Stored data –
------------------------------------------------
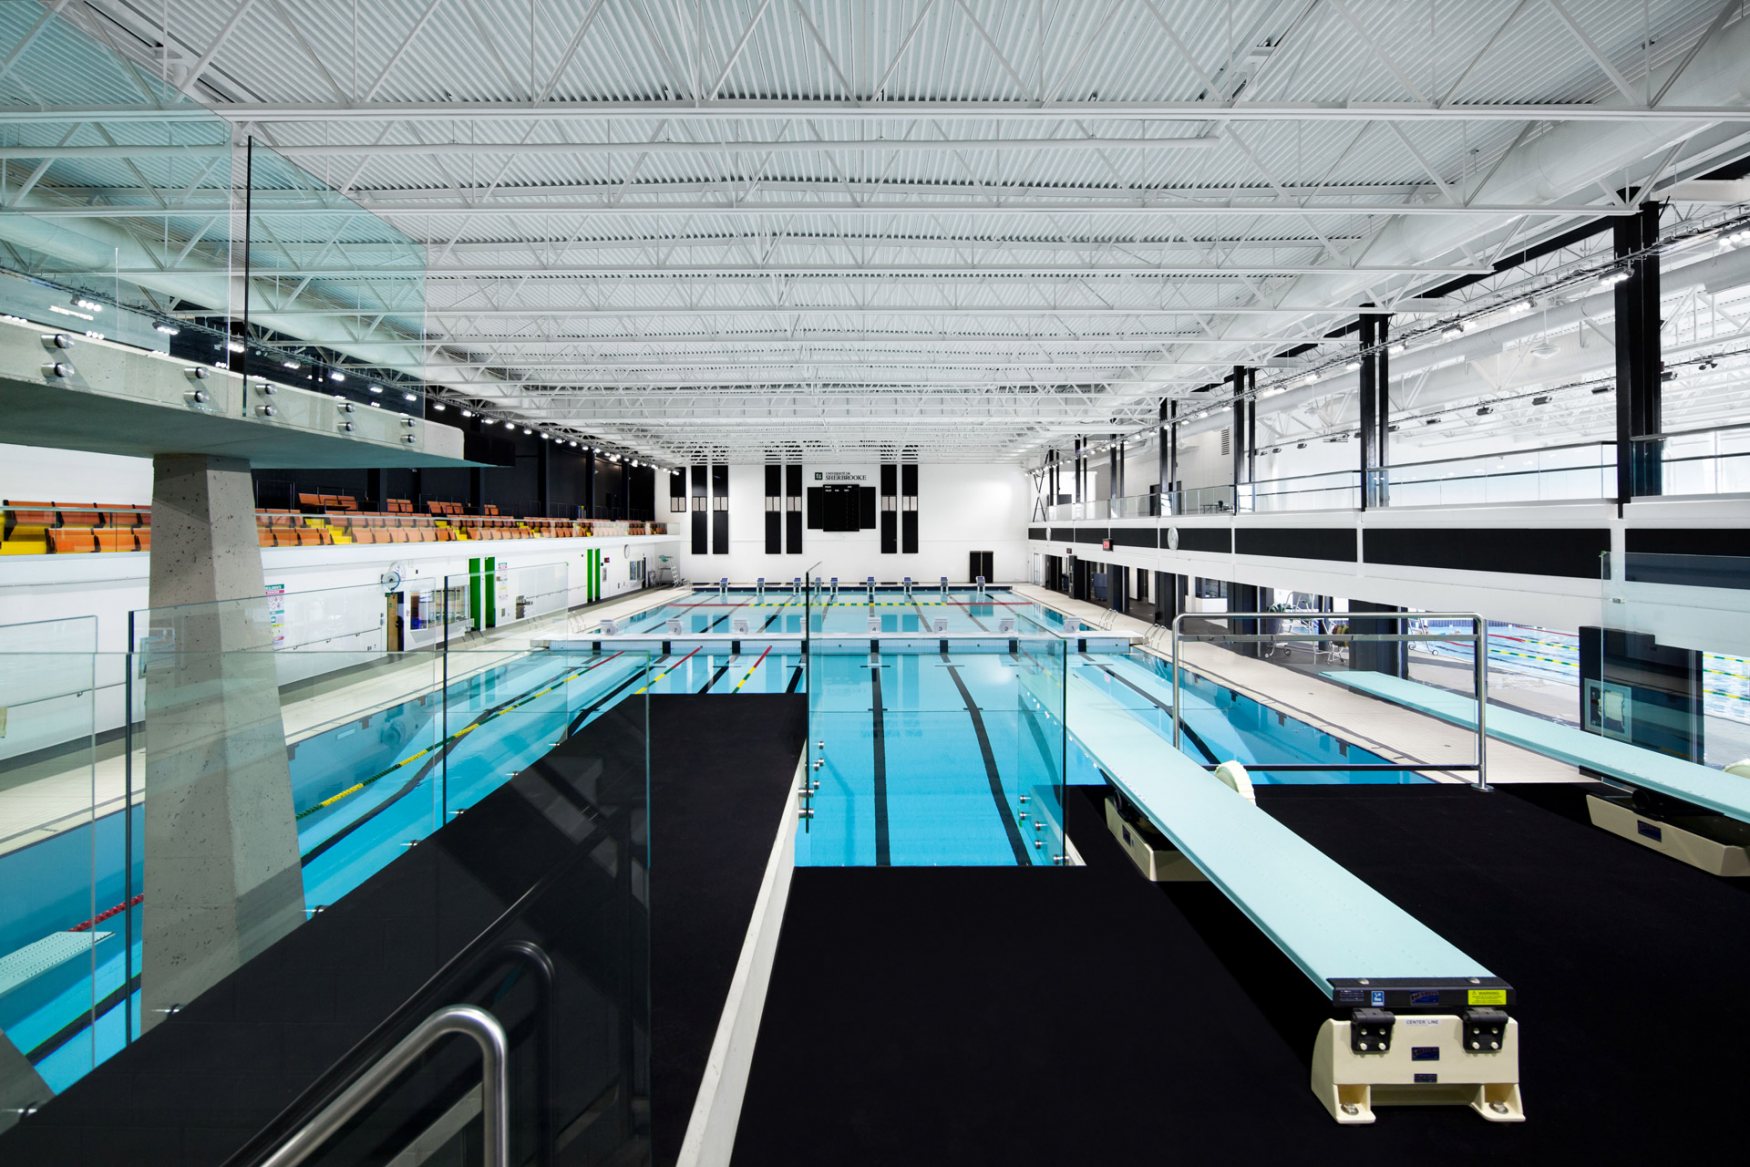 Sherbrooke University pool complex
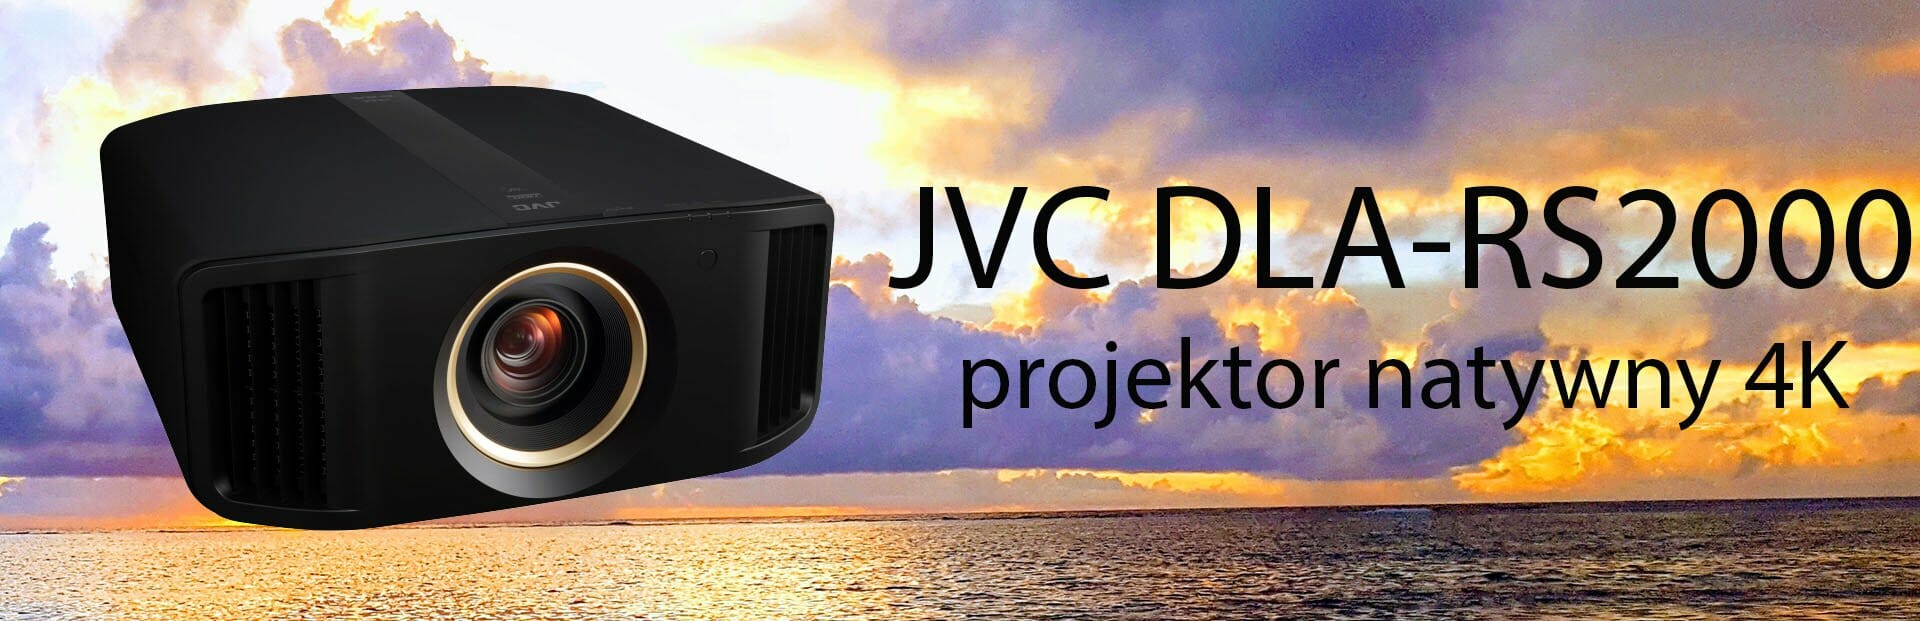 JVC DLA-RS2000
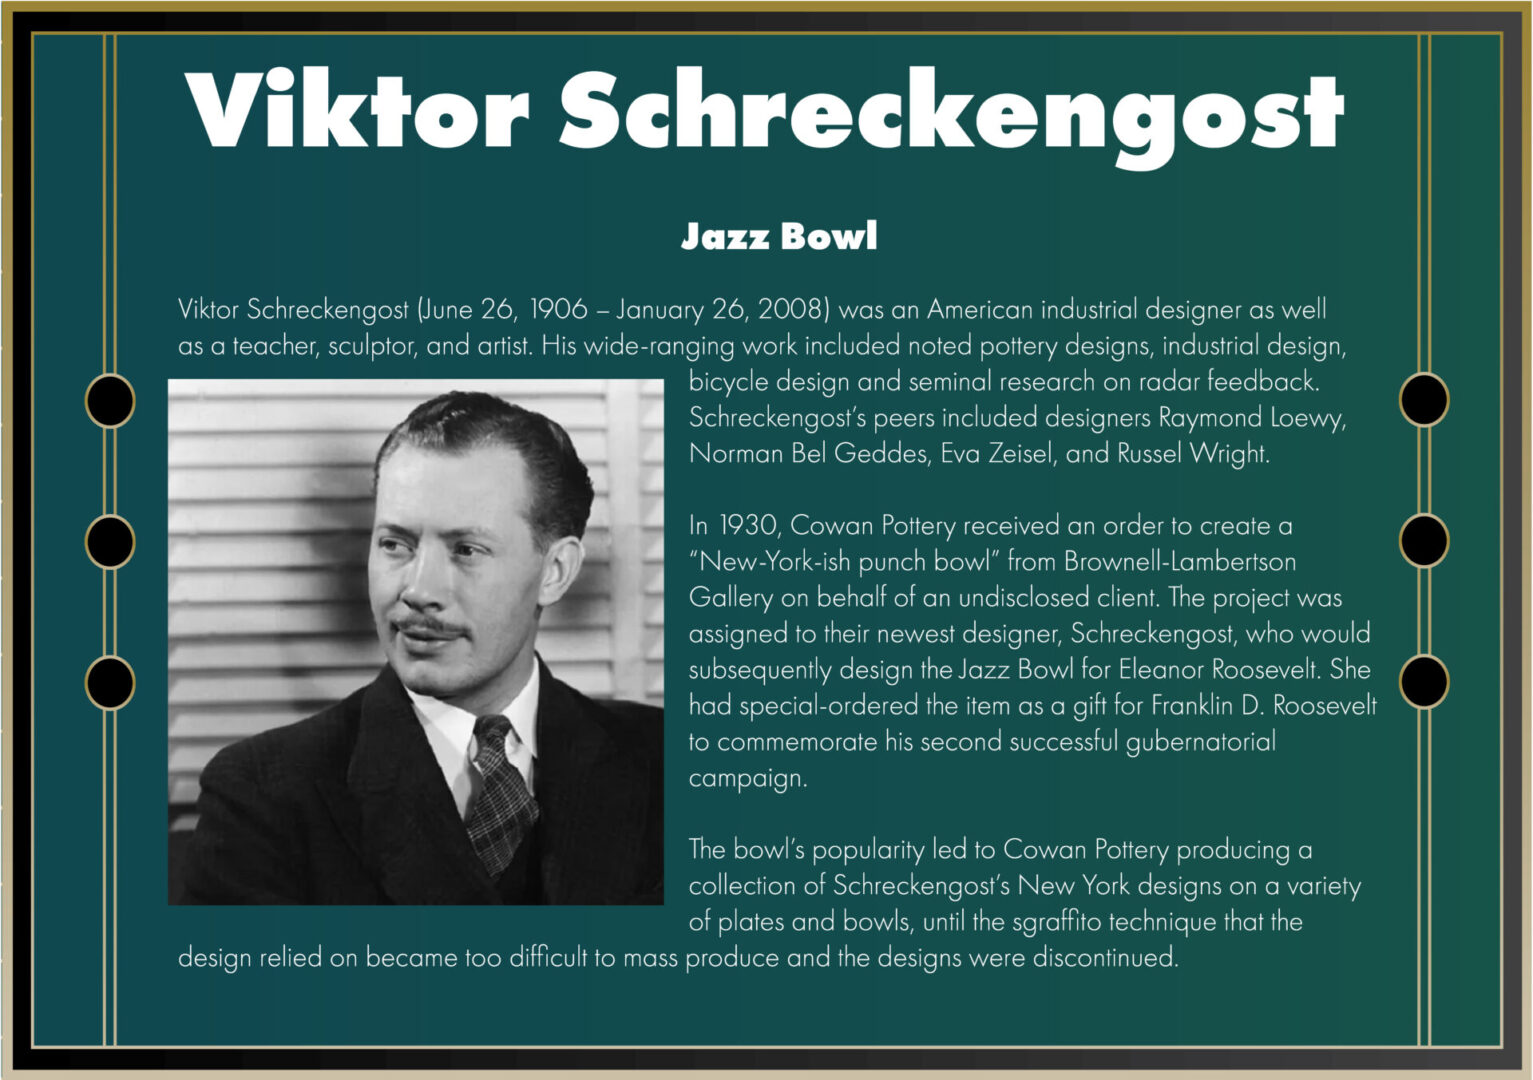 The biography of designer Victor Schreckengost
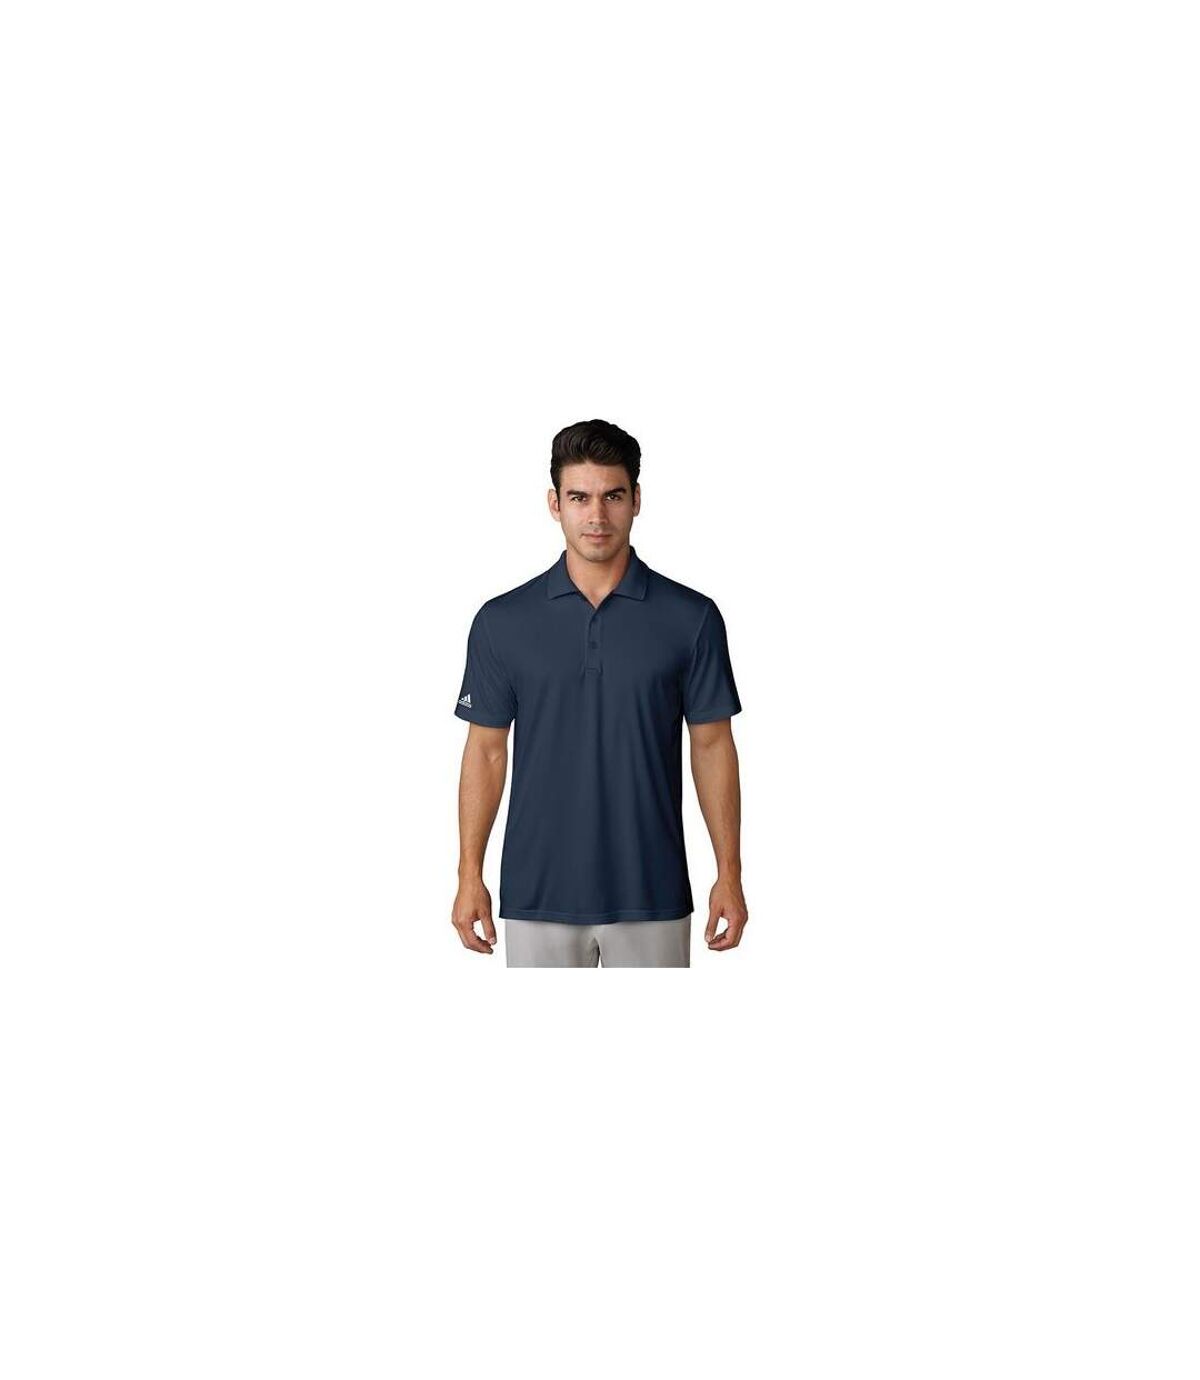 Adidas Mens Performance Polo Shirt (Collegiate Navy) - UTRW6133
------------------------------------------------
From the line containing "The biography of" to the end of the data above, give those lines again verbatim, with both endpoints included and no images.

 The biography of designer Victor Schreckengost
 Adidas Mens Performance Polo Shirt (Collegiate Navy) - UTRW6133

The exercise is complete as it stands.